Wednesday, December 09, 2009

Dear Diary


Stammering and incoherent with rage, my mother confronted me with my diary, the decorative little lock pried open and several pages ripped from the binding. You'll pay for writing this! she screamed at me, You just wait and see! Hatred had made her wild-eyed and fueled by an afternoon's worth of drinking she had become a force to be reckoned with. In the interests of self preservation, I lunged for the little book, snatched her it from her and made for the front door. She stumbled after me but I was young, sober, and driven by fear. She reached for me but I was already gone, running through the yard and up the sidewalk as fast as a 12 year old can move.

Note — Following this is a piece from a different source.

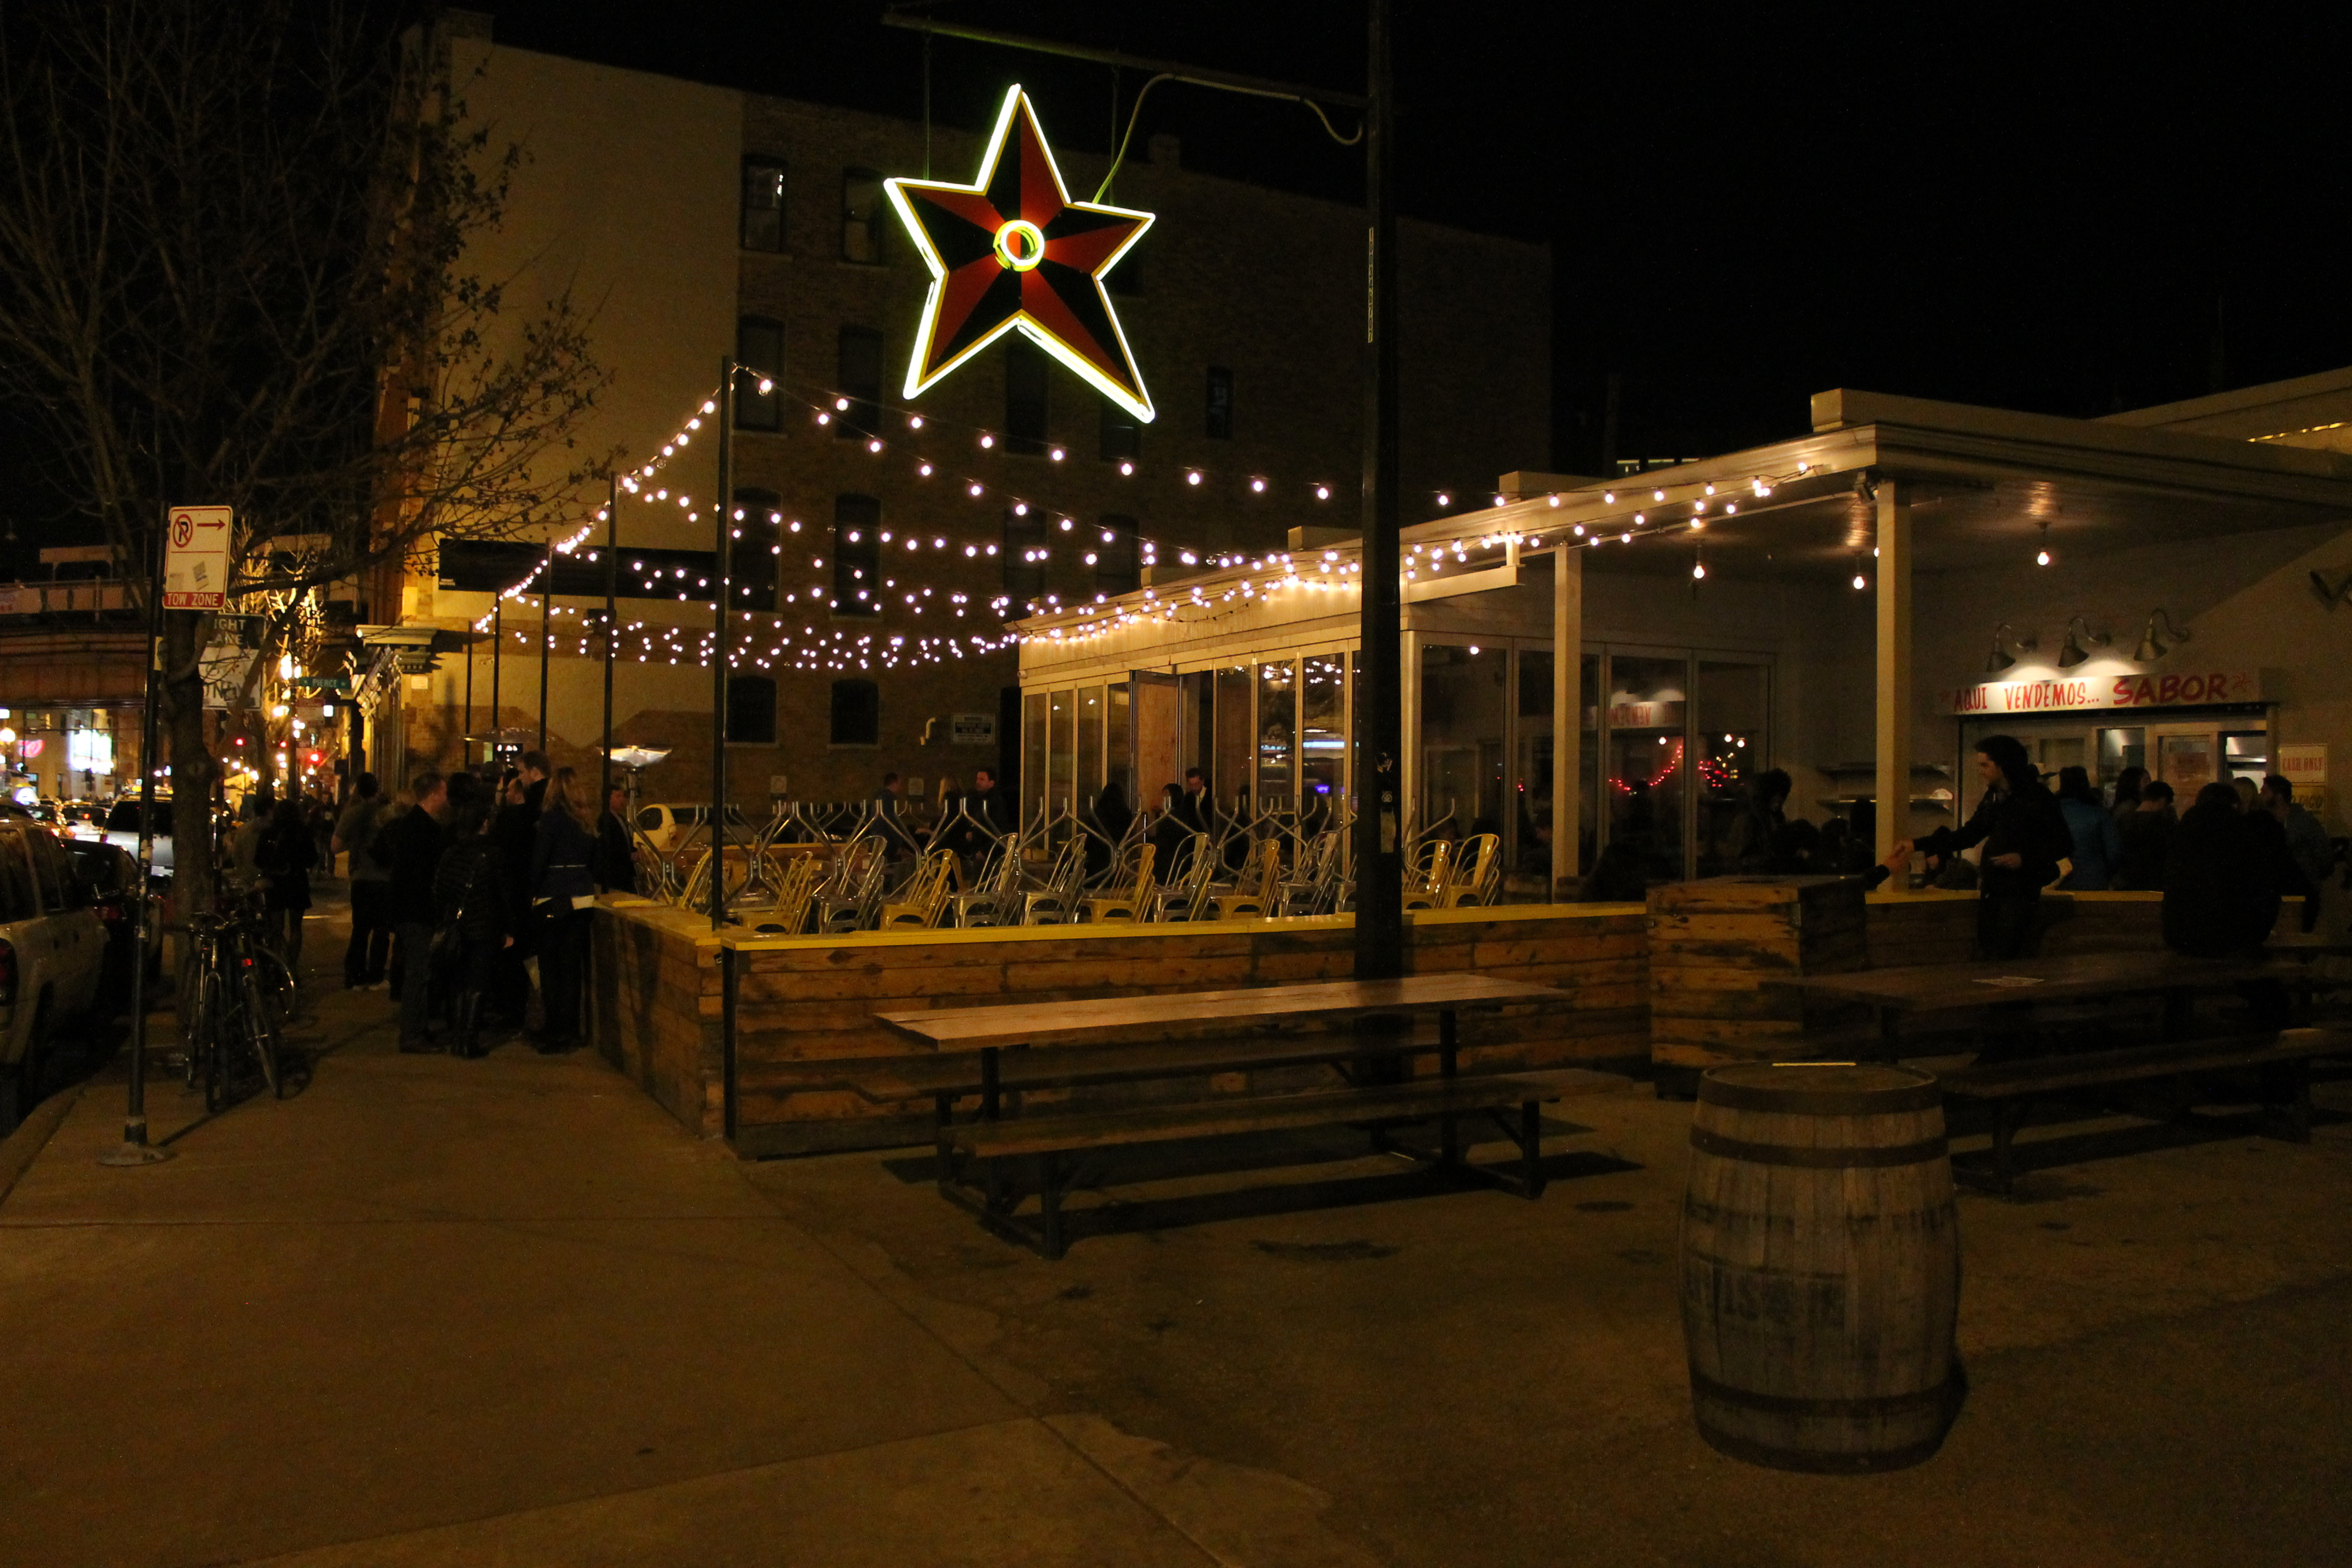 Big Star, Wicker Park, Chicago, Illinois, Post-Gayborhoods

When I was sure she wouldn't follow, I eased up and caught my breath, tucked the diary inside my sweater, and headed for the sanctuary of the library, powerfully afraid but also incredibly angry, feeling the invasion of privacy almost like a physical violation. Nothing was safe from her, I realized, no thought or emotion, no act, no need. I refused to think about the consequences that were sure to follow, couldn't bear to think about the things I had written and she had read - wishing for her to suffer, to be inflicted with pain and isolation, to die, hateful things that welled up and had to have an outlet otherwise they would have suffocated me. The world became a blurry place that cold afternoon.

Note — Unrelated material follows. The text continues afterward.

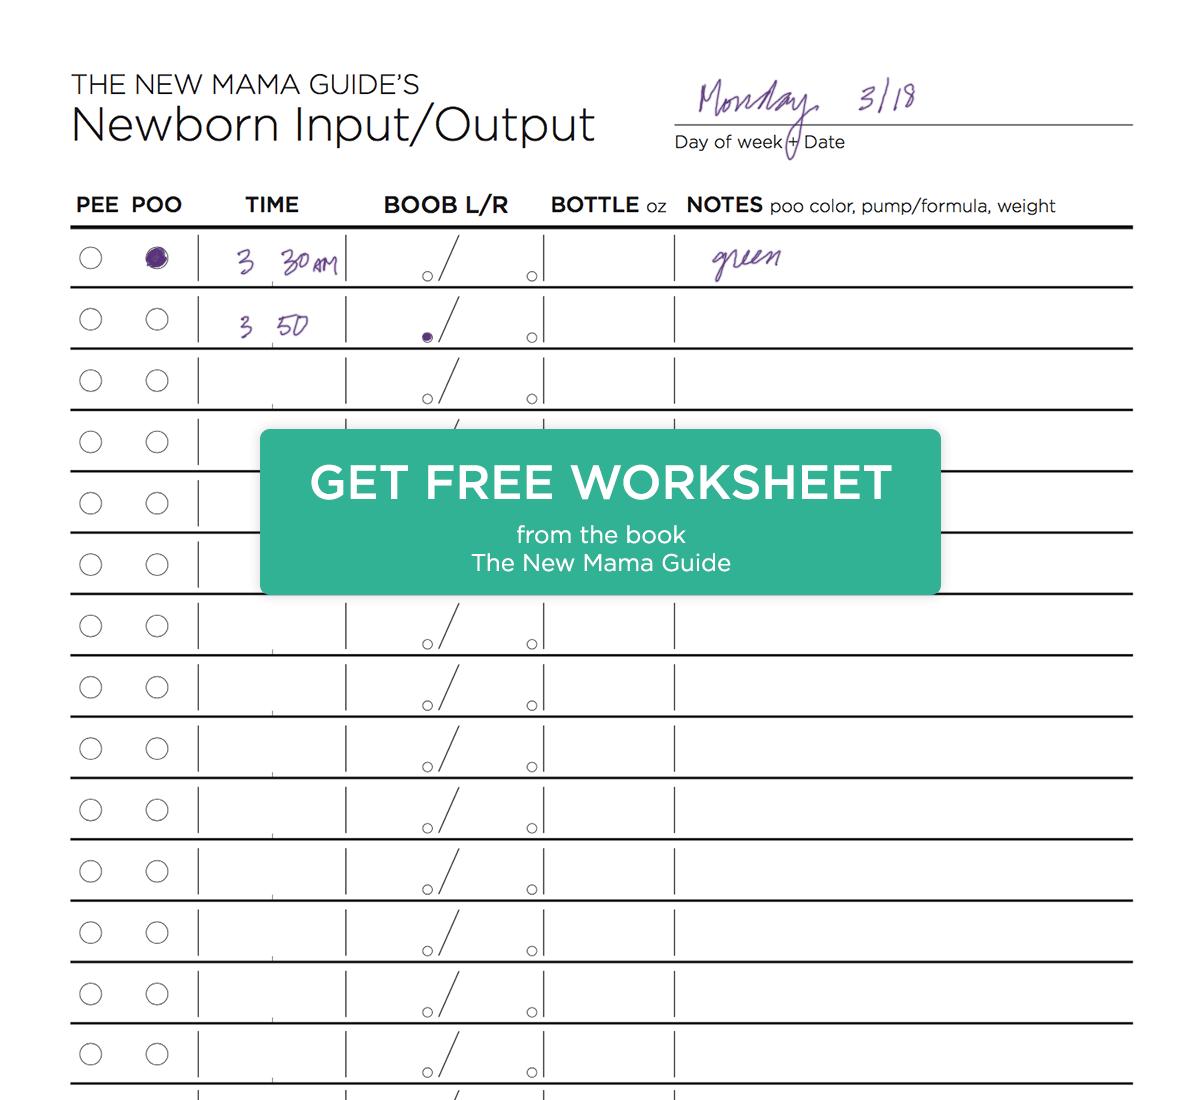 Newborn Input Output Worksheet New Mama Guide

Parenthood had never been kind to my mother. She openly blamed her children for her unhappiness, her loss of freedom and spending money, her being tied down, her inability to sustain a happy marriage. We had, she complained, literally driven her to drink. No one was exactly sure what she had expected from marriage or having a family, but clearly we weren't it - she was, so she liked to say, undermined at every turn, betrayed and unloved, treated badly and deprived. She insisted she'd played no role in any of this but was rather a victim, martyred by the needs and wants of offspring she'd never wanted in the first place, condemned to a role she found thankless and demeaning. No closet crammed with evening wear, no pink convertible or 3 month summer vacations, no middle class comforts were enough to offset her resentments of motherhood. Through the years she grew old and fat and more malicious on little but her own bitterness and discontent, at the last not even able to find solace in alcohol. Her body would eventually turn inward on itself from cancer while her mind evaporated from dementia and whiskey soaked brain cells. And still remembering, among so many other things, my diary, I could not find the slightest hint of compassion or regret for her.

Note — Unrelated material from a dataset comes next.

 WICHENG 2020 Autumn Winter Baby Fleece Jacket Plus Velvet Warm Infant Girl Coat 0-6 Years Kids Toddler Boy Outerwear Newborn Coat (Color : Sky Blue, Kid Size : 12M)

My daddy, knowing that I would seek the refuge of fiction, found me at the library. I watched him walk in slowly, hat in hand, gray faced and raccoon-eyed with weariness and resignation. He sat across from me, a daughter who was on the road to becoming a stranger, and gave me a slight, sad smile. How do we make this right? he asked me. I put aside my H. Allen Smith satire, always my first choice for such times, and told him the truth, We don't. It may have been the closest I'd ever come to actually speaking what I knew was true but my daddy - ever the peacemaker, ever the first to craft a compromise and calm troubled waters - just shook his head. We'll find a way, he told me, it's not as bad as it seems right now. But of course it was and continued to be. He was to keep looking until the cancer overtook her but he never found the elusive way.

We should have more respect for what children see - happy faces don't fool them for long and their vision is often far clearer than our own.